This is a short film by Temujin Doran based on the work of neuroscientist and writer David Eagleman’s book Sum: Forty Tales from the Afterlives:
“You spend two months driving the street in front of your house, seven months having sex. You sleep for thirty years without opening your eyes. For five months straight you flip through magazines while sitting on a toilet. You take all your pain at once, all twenty-seven intense hours of it. Bones break, cars crash, skin is cut, babies are born. Once you make it through, it’s agony-free for the rest of your afterlife.
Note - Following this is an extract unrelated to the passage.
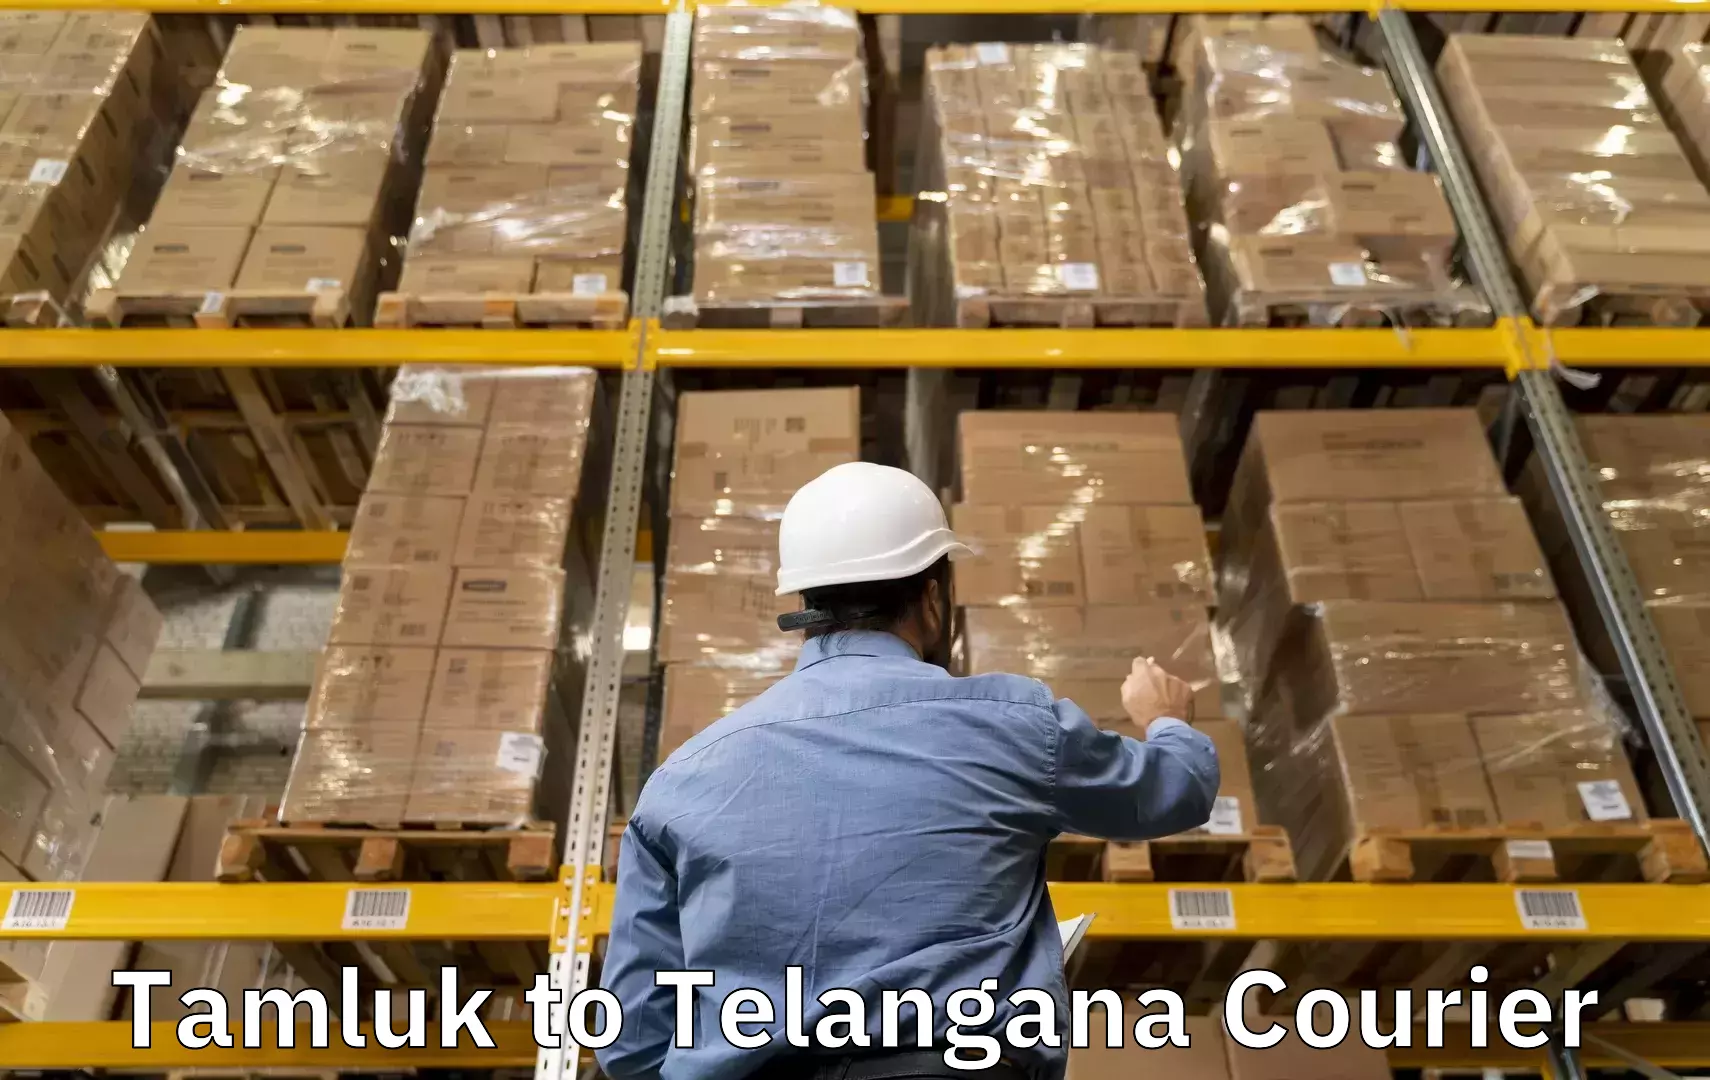 Versatile luggage courier Tamluk to Warangal

But that doesn’t mean it’s always pleasant. You spend six days clipping your nails. Fifteen months looking for lost items. Eighteen months waiting in line. Two years of boredom: staring out a bus window, sitting in an airport terminal. One year reading books. Your eyes hurt, and you itch, because you can’t take a shower until it’s your time to take your marathon two-hundred-day shower. Two weeks wondering what happens when you die. One minute realizing your body is falling. Seventy-seven hours of confusion. One hour realizing you’ve forgotten someone’s name. Three weeks realizing you are wrong. Two days lying. Six weeks waiting for a green light. Seven hours vomiting. Fourteen minutes experiencing pure joy. Three months doing laundry. Fifteen hours writing your signature. Two days tying shoelaces. Sixty-seven days of heartbreak. Five weeks driving lost. Three days calculating restaurant tips. Fifty-one days deciding what to wear. Nine days pretending you know what is being talked about. Two weeks counting money. Eighteen days staring into the refrigerator. Thirty-four days longing. Six months watching commercials. Four weeks sitting in thought, wondering if there is something better you could be doing with your time. Three years swallowing food. Five days working buttons and zippers. Four minutes wondering what your life would be like if you reshuffled the order of events. In this part of the afterlife, you imagine something analogous to your Earthly life, and the thought is blissful: a life where episodes are split into tiny swallowable pieces, where moments do not endure, where one experiences the joy of jumping from one event to the next like a child hopping from spot to spot on the burning sand.”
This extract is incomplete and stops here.